CNN interviewed one of the Iraqi Police stationed at the Square, who stated that Blackwater threw water bottles at the police upon entering the Square and then proceeded to drive the wrong way around. The police officer Sarhan noticed that the guards looked nervous. When the traffic didn't immediately halt, the mercenaries opened fire with warning shots, and then began shooting vehicles. When Sarhan attempted to rescue Kadhum, after her son was shot dead in the driver's seat, he and another police officer were unable to halt the rolling car.

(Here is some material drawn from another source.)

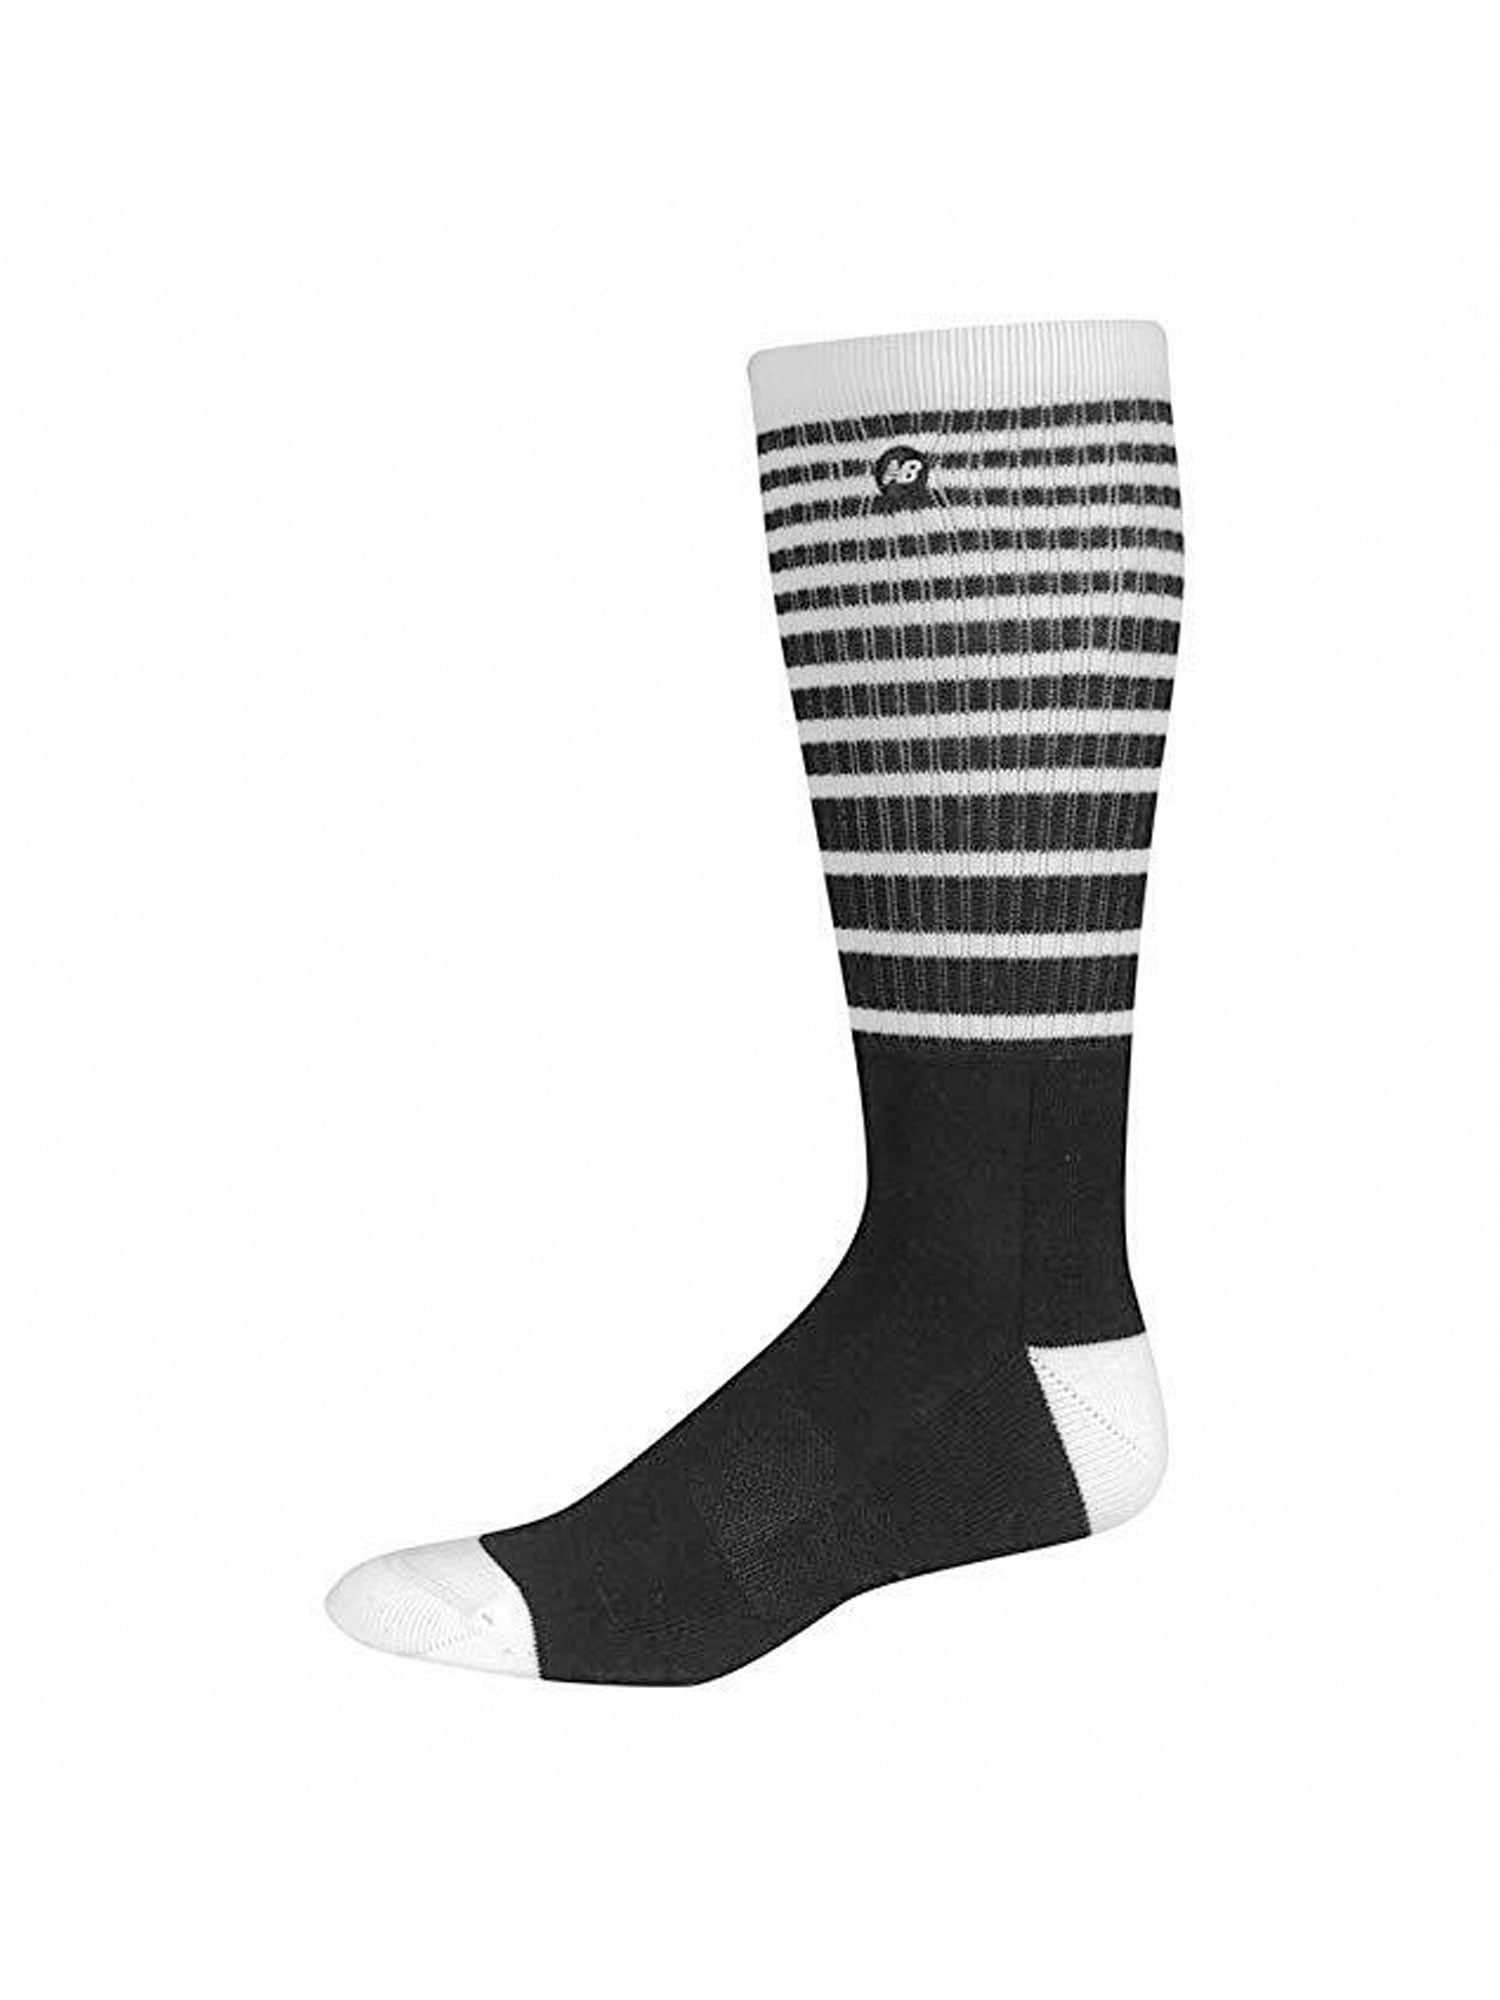 New Balance Lifestyle Stripe Men's Crew Socks N4701 - Walmart.com

Even in uniform, he too became a target:

"I wanted to get his mother out, but could not because she was holding her son tight and did not want to let him go," Sarhan said. "They immediately opened heavy fire at us."

"Each of their four vehicles opened heavy fire in all directions, they shot and killed everyone in cars facing them and people standing on the street," Sarhan said.

The shooting lasted about 20 minutes, he said.

"When it was over we were looking around and about 15 cars had been destroyed, the bodies of the killed were strewn on the pavements and road."

Sarhan said no one ever fired at the Blackwater team.

"They became the terrorists, not attacked by the terrorists," he said.

"I saw parts of the woman's head flying in front of me, blow up and then her entire body was charred," he said. "What do you expect my reaction to be? Are they protecting the country? No. If I had a weapon I would have shot at them."

War is ugly, that much is true. But this was not war, this was murder, done by a company operating for profit committing acts of barbarity for which our own uniformed soldiers will face an accounting for on the streets of Baghdad. For how much longer will we tolerate having a military and a foreign policy held hostage to the profit margins of neoconservatives, who would see the power to make war and peace shifted to an auction? How does having the readiness of our forces undermined to create overpaid positions for at-will war contractors further American security? What does it say about the future of democracy as a government about humans that we allow senseless bloodshed for the mere sake of convenience? Who should be held accountable for the descent of the "war of the willing" into the "war of the billing?" How long will the burned out car of a woman doctor sit on the side of the road?